Ford will cut up to 1,000 jobs at its electric vehicle plant in Cologne, Germany, as part of a restructuring effort aimed at adjusting production to sluggish demand for battery-powered cars in Europe. Operations will be reduced at the site from two daily shifts to a single one starting in January 2026.
The Cologne facility, where Ford invested $2 billion to transform it into an electric vehicle hub, currently builds the Explorer SUV and Capri crossover, both based on Volkswagen Group’s MEB platform.
But the company has struggled to sell enough of the models to keep the plant running at full capacity. The annual output potential of the factory is 250,000 cars, and the total workforce sits at 2,600. Apparently, the earlier production slowdown from November last year did not suffice.
Severance packages
Ford said the cuts would be carried out as much as possible through voluntary redundancies and buyouts. Discussions with unions are ongoing, and the final number of jobs to be eliminated will depend on these negotiations. The company promised to offer attractive severance packages to encourage employees to depart voluntarily.
This latest round of reductions comes on top of a significant restructuring plan unveiled in late 2024, when Ford announced it would cut around 4,000 jobs across Europe, including 2,900 in Germany, by 2027.
The Cologne plant, one of Ford’s most important European sites, has already seen significant upheaval, including the end of Fiesta hatchback production and a historic first strike earlier this year over cost-cutting measures.
If both rounds of layoffs are completed, Ford’s Cologne workforce (not only the factory but also HQ) will decline to about 7,600 employees, compared with roughly 12,000 last year and 20,000 five years ago. Another German production facility, in Saarlouis, is slated for complete closure.
Long-term future
The news of the deeper cut in the case of the unions questioning the long-term future of the Cologne plant is also noteworthy. That would be grim for current factory director, the Flemish managar Vic Daenen, facing the same fate twice.
Daenen was the last director of the Belgian site in Genk when Ford decided to wind down operations in 2014. Still, Ford has continued to back its German operations financially. In March, the company pledged up to €4.4 billion in extra capital, underscoring its commitment to Cologne despite current headwinds.
While sales of electric cars continue to grow all over Europe, they are expanding at a slower pace than forecasts had predicted. Ford cites this weaker-than-expected demand, noting that government subsidies in markets such as Germany have been reduced or withdrawn, further dampening consumer appetite.
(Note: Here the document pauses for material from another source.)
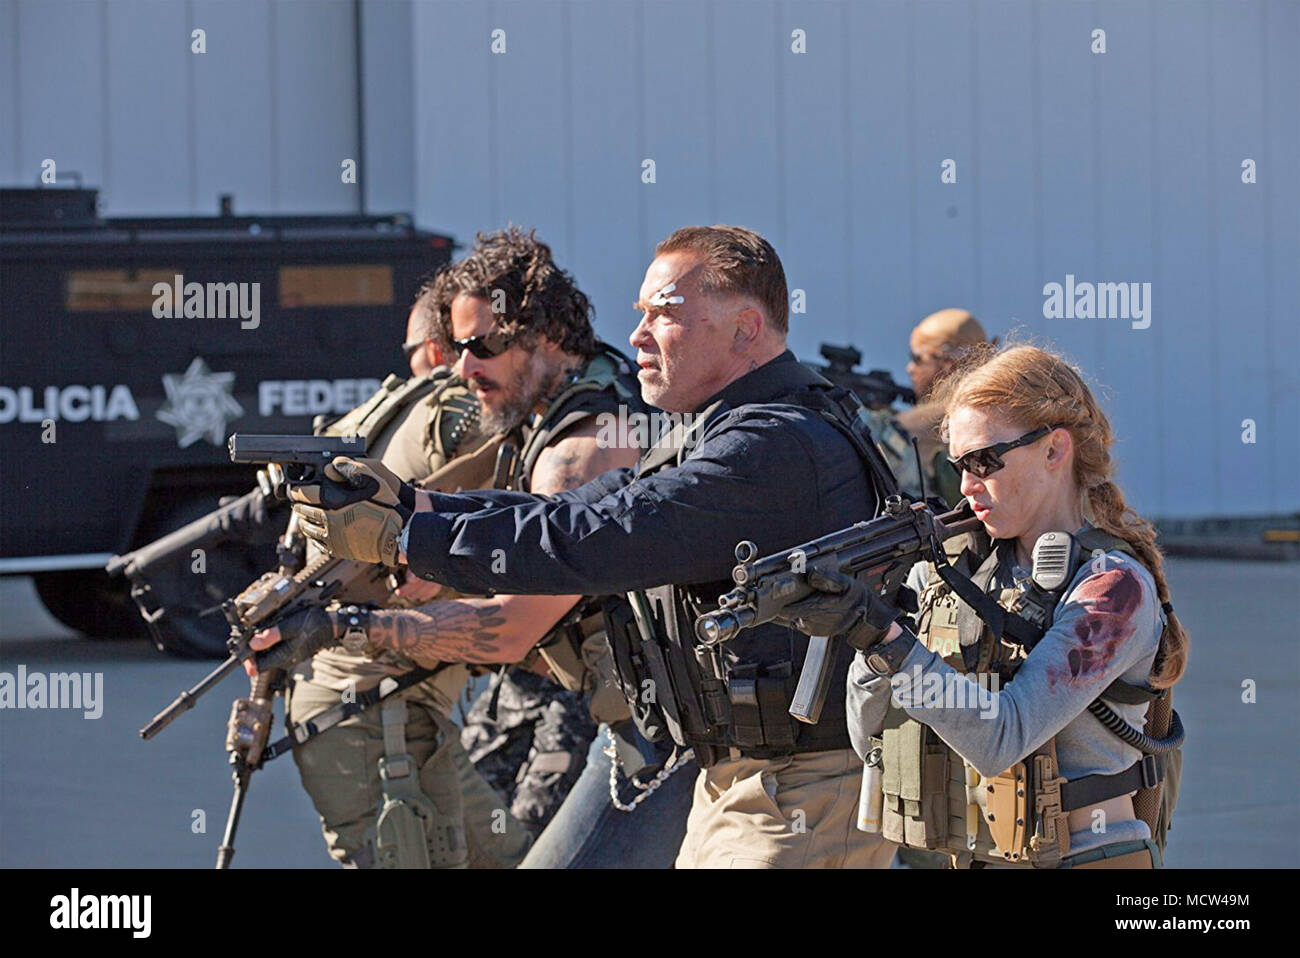 Il sabotaggio 2014 Open Road Films Production con Arnold Schwarzenegger e Mireille Enos a destra Immagini Stock

Competition is also intensifying. Ford’s EVs built in Cologne must contend not only with the ID models from Volkswagen, which earns money by licensing the MEB technology to Ford, but also with an increase in Chinese brands making inroads in the European market.
No detailed decision
Earlier, Ford had already tried to respond to these unfavorable market trends. The car maker announced that it would cut its planned annual investment in fully electric vehicles from 40 percent to 30 percent, redirecting more resources toward hybrid models, which are experiencing a revival on the continent.
With Ford’s market share in Europe at just 3.3 percent and sales growth this year lagging at less than one percent, the cuts can only be regarded as a sign of the brand’s struggle to gain traction in the European EV sector. For workers in Cologne, however, the uncertainty remains acute, with clarity on which departments will bear the brunt of the reductions still to come.